On January 16, 2014, the Company acquired 100 percent of the voting interests of Coram LLC ("Coram"), the specialty infusion services and enteral nutrition business unit of Apria Healthcare Group Inc. for cash consideration of approximately $2.1 billion, plus contingent consideration of approximately $0.1 billion. The purchase price is also subject to a working capital adjustment. Coram is one of the nation's largest providers of comprehensive infusion services, caring for approximately 165,000 patients annually. Coram has approximately 4,600 employees, including approximately 600 nurses and 250 dietitians, operating primarily through 84 branch locations and six centers of excellence for patient intake.

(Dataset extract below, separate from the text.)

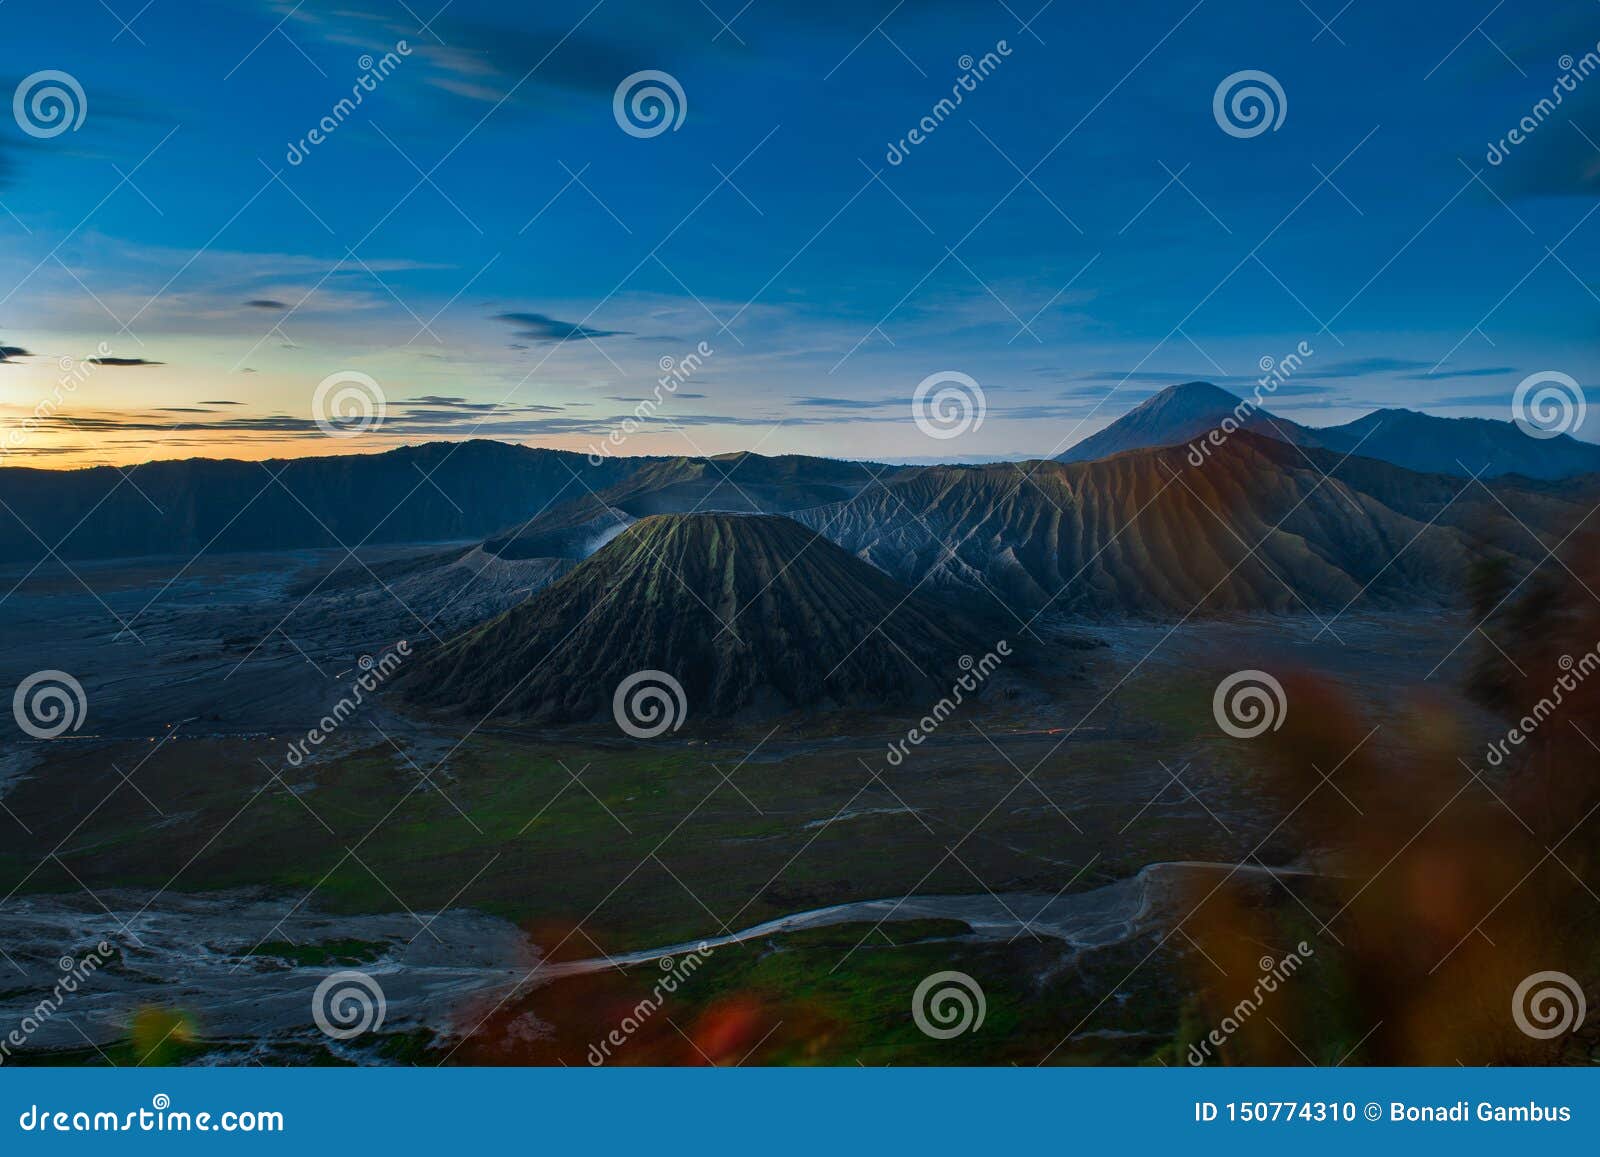 Sunrise At Love Hill With Mount Bromo And Gunung Batok View Stock Photo

The contingent consideration is based on the Company’s future realization of Coram’s tax net operating loss carryforwards (“NOLs”) as of the date of the acquisition. The Company will pay the seller the first $60 million in tax savings realized from the future utilization of the Coram NOLs, plus 50% of any additional future tax savings from the remaining NOLs. The estimated fair value of the approximately $0.1 billion contingent consideration liability associated with the future realization of the Coram NOLs was estimated by discounting, to present value, the contingent payments expected to be made based on the Company’s estimate of the amount and timing of Coram NOLs that will ultimately be realized.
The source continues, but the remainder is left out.